SCHNEIDHAIN – HBV zeigt bei Heimatkino-Premiere Filme von Hubert Müller aus dem Jahr 1973
Mittwoch, 22. November 2023, Taunus Zeitung / Lokales / efx
Das Popcorn riecht süßlich nach Karamell. Die Maiskörner platzen stilecht in der roten Maschine, so wie früher in den Kindertagen, als man gespannt vor der Leinwand den gepufften Mais knabberte oder sich nach der Werbepause das Eiskonfekt schmecken ließ. Es waren die goldenen Kinojahre mit vollen Sälen und ohne Couch-Streaming.
Am Sonntagnachmittag schien diese große Zeit der Cineastic noch einmal aufzuleben – allerdings nicht in einem Multiplex-Kino mit Dolby-Surround-Sound, sondern in der voll besetzten Schneidhainer Heinrich-Dorn-Halle. Dorthin hatte der Heimat- und Brauchtumsverein (HBV) bei freiem Einritt eingeladen, um beim Heimatkino die Filmspule in das Jahr 1973 zurückzudrehen. Gezeigt wurden Filme, die der leider viel zu früh verstorbene Schneidhainer Hubert Müller gedreht hatte.
Der Schneidhainer hatte seine Kamera zu Lebzeiten immer dann draufgehalten, wenn etwas los war in Schnaadem – von der Kerb bis zum Fußballturnier.

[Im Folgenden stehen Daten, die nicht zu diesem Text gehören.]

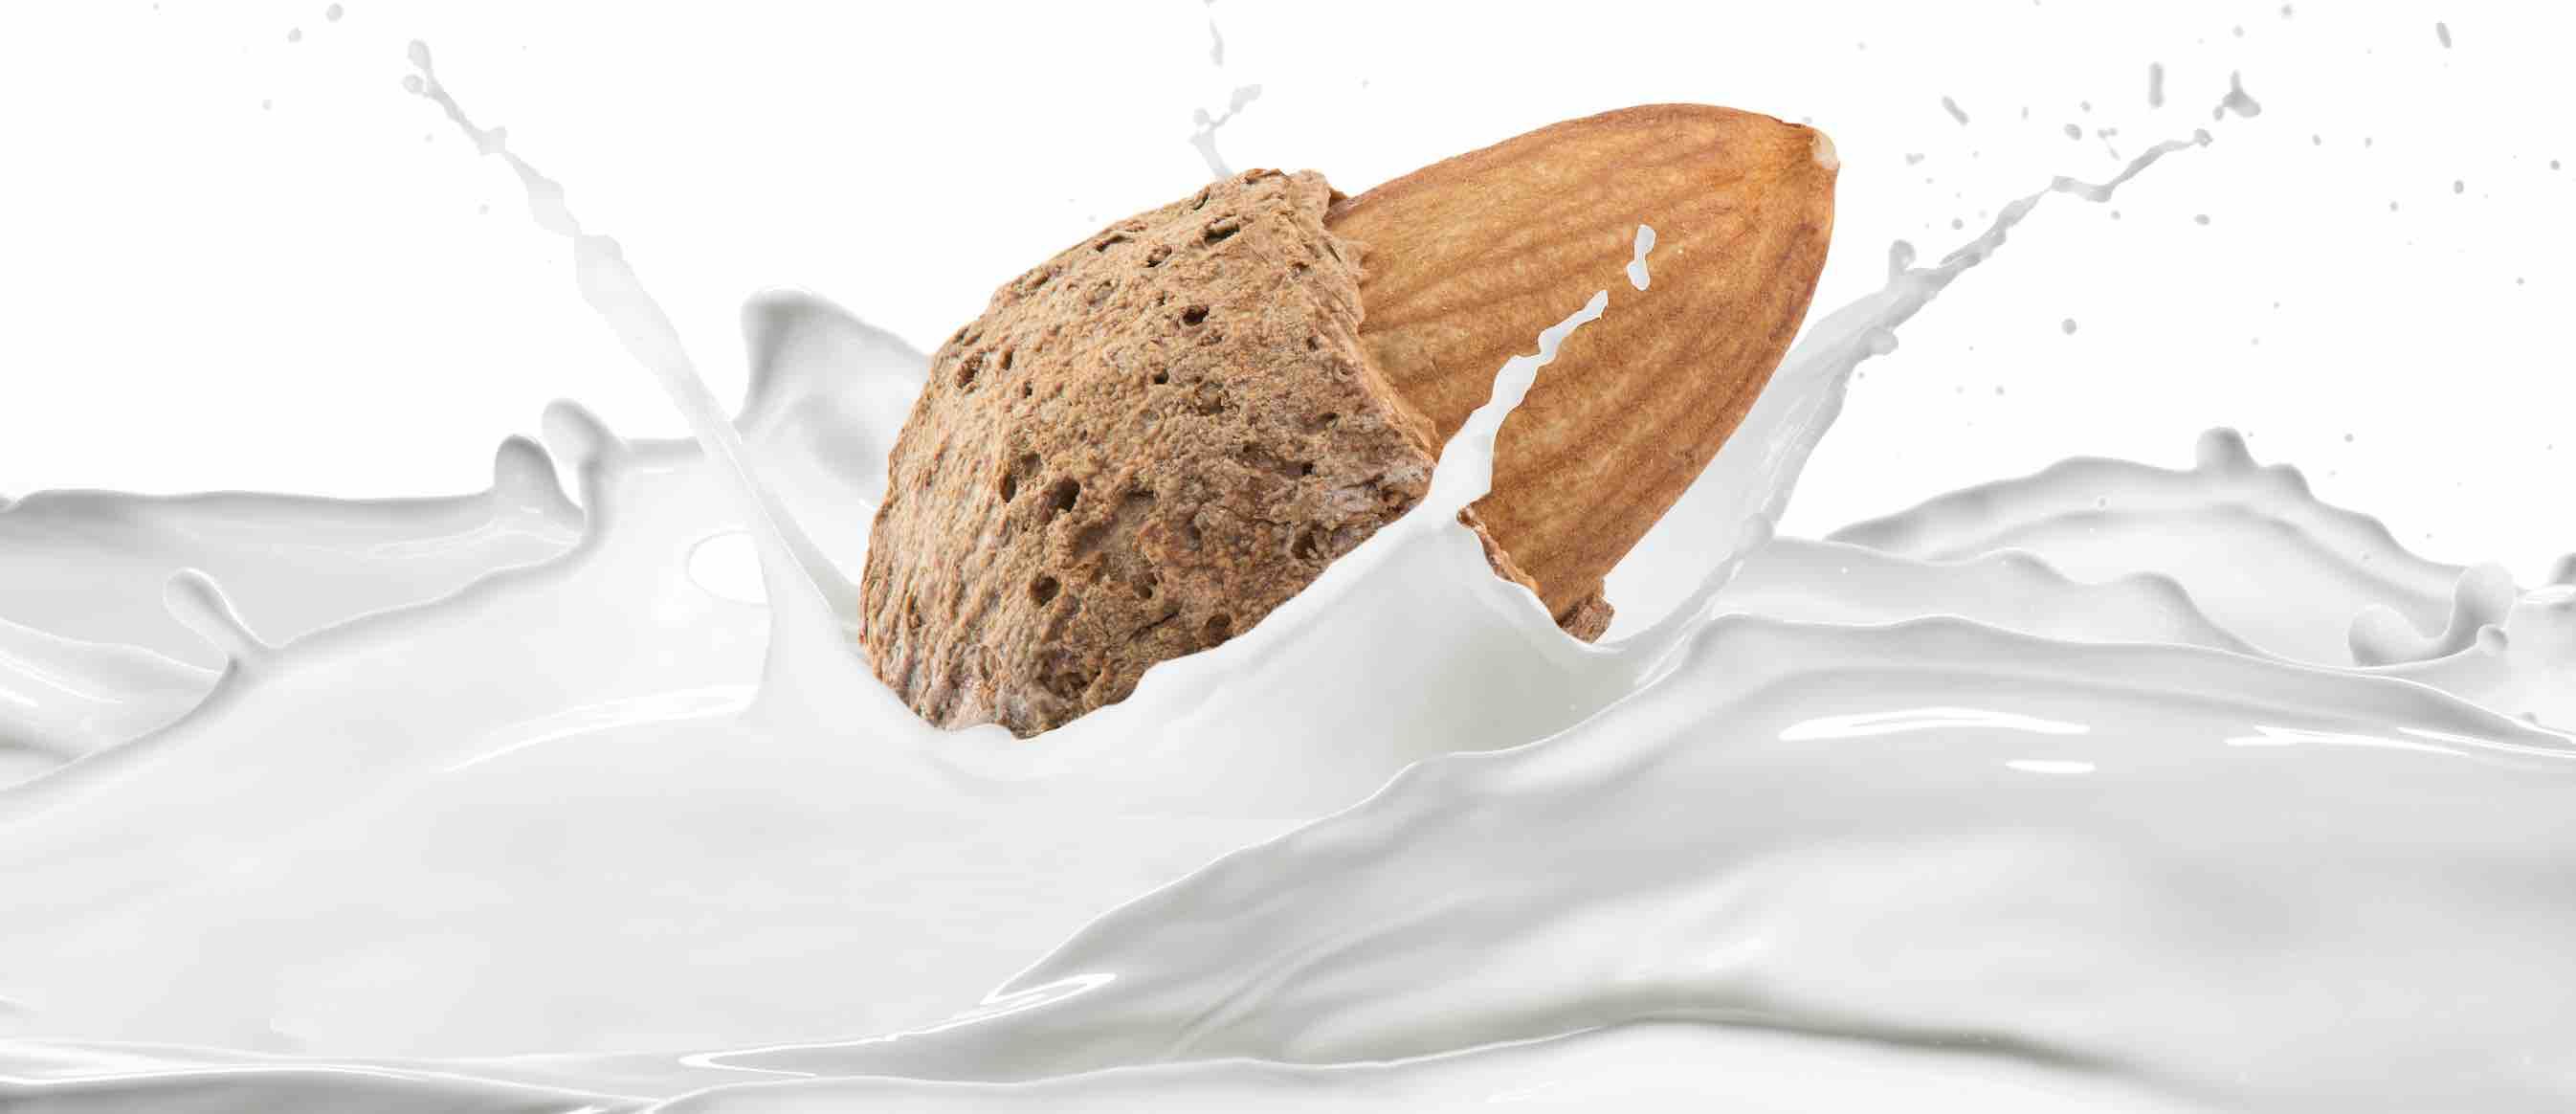 leche de almendras marcas y precios

Mittlerweile sind die Filme digitalisiert und nicht nur für Ur-Schneidhainer sehenswert, was der Blick in die Heinrich-Dorn-Halle unterstreicht. Junge sitzen neben älteren Stadtteil-Bewohnern, „Eingeplackte“ neben Alteingesessenen.
„Wir sind überwältigt“, betont Oliver Ernst angesichts der großen Resonanz. Man habe 200 Stühle gestellt, so der HBV-Vize, und alle werden gebraucht. Auch am Rand suchen sich Gäste noch freie Plätze. Es ist eine Hommage an die alte Zeit und an Hubert Müller.
„Für ihn war die Filmerei kein Hobby, sondern eine Leidenschaft“, sagt seine Frau Christel. Auch sie ist unter den Besuchern.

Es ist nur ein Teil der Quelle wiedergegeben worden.